»»
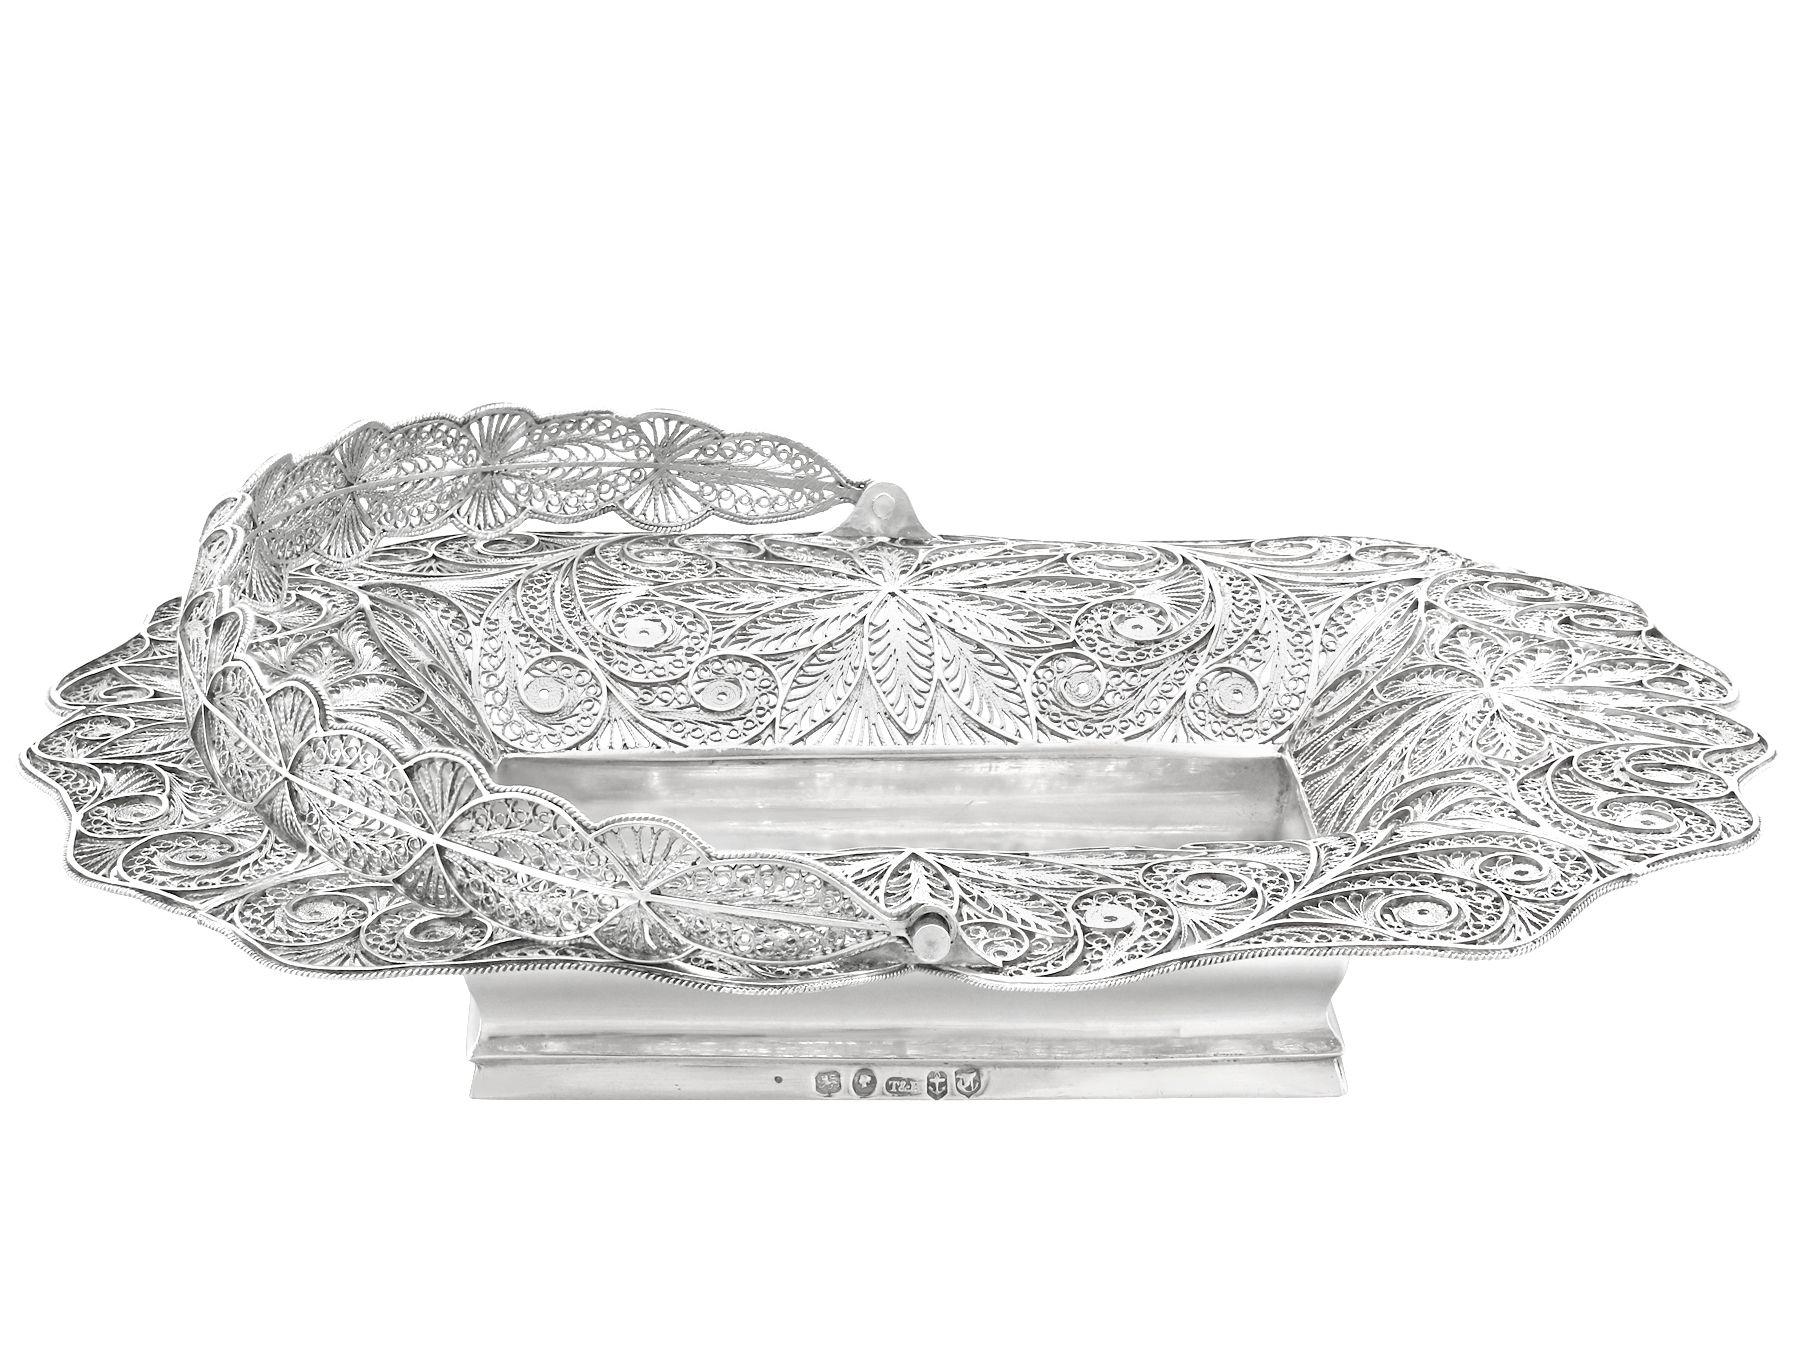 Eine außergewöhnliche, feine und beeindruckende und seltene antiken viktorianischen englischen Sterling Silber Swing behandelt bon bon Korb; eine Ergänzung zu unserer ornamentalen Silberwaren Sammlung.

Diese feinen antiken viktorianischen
««
»»
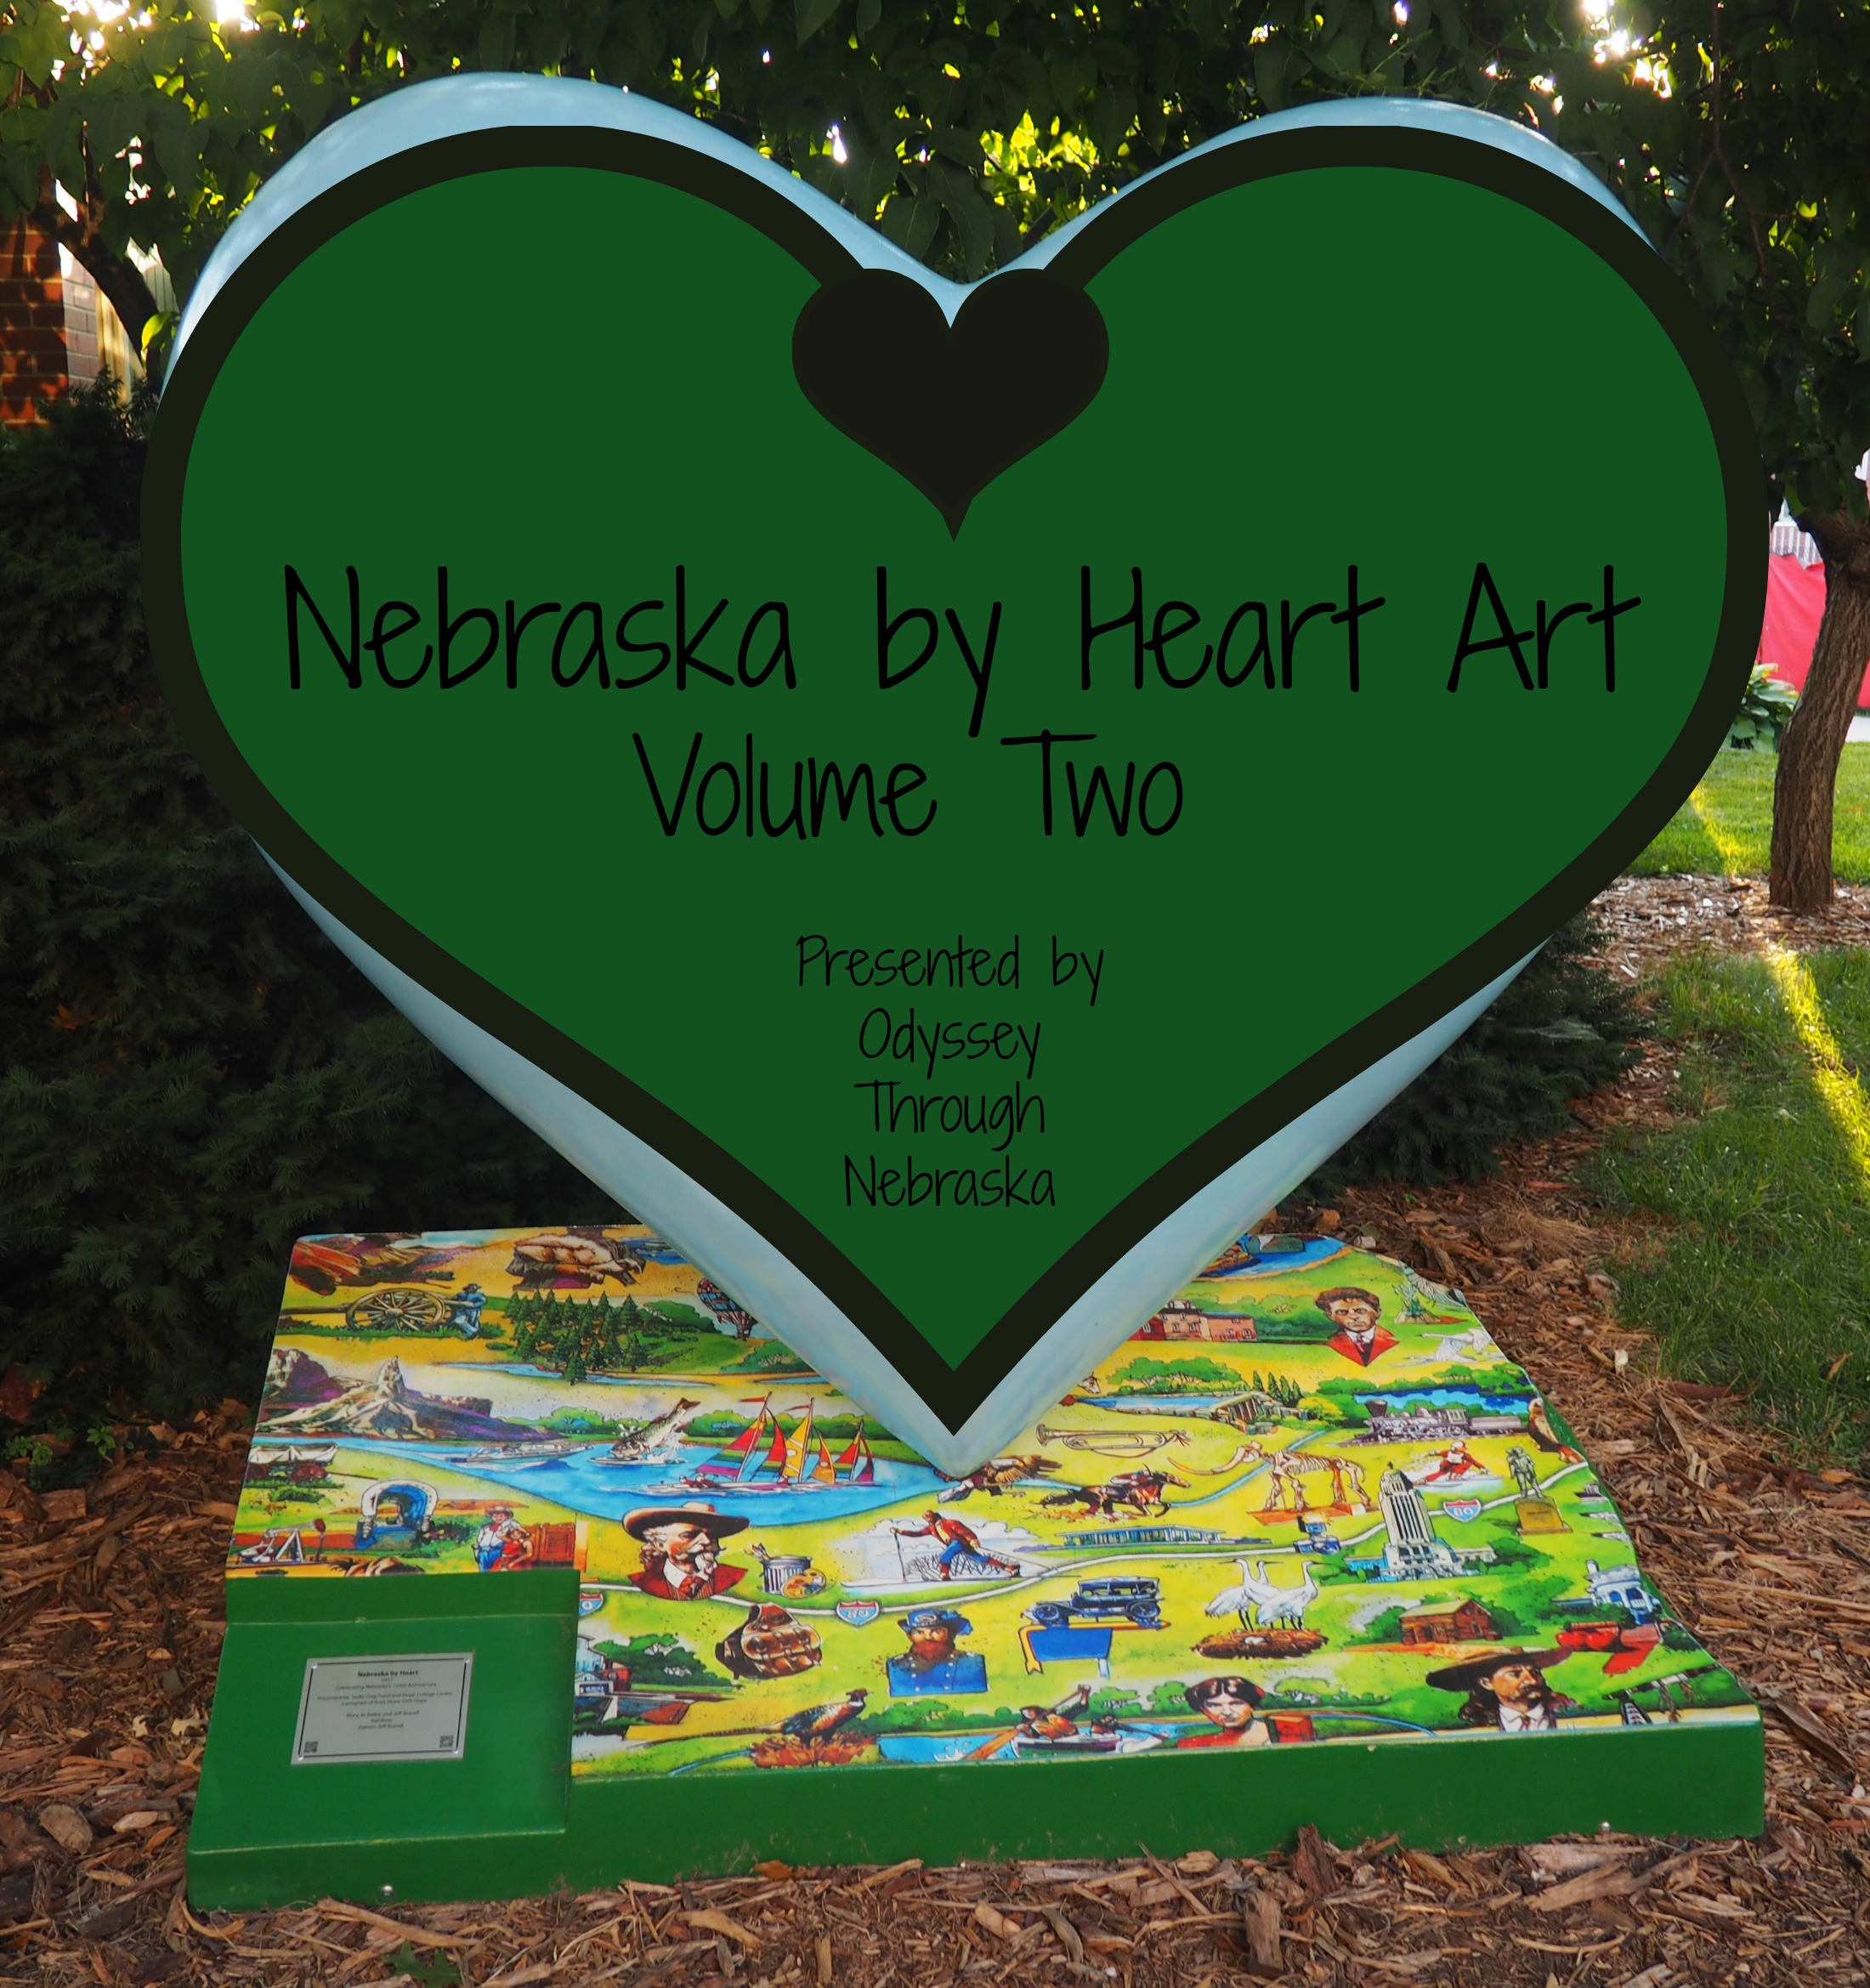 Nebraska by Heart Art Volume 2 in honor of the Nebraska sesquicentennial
««
▶ Goal of the exercise: Begin at the line in the entries above that has "Eine außergewöhnliche, feine", stop after the line that has "Diese feinen antiken viktorianischen", and output exactly those lines without pictures.

▶ Exercise answer:
 Eine außergewöhnliche, feine und beeindruckende und seltene antiken viktorianischen englischen Sterling Silber Swing behandelt bon bon Korb; eine Ergänzung zu unserer ornamentalen Silberwaren Sammlung.

Diese feinen antiken viktorianischen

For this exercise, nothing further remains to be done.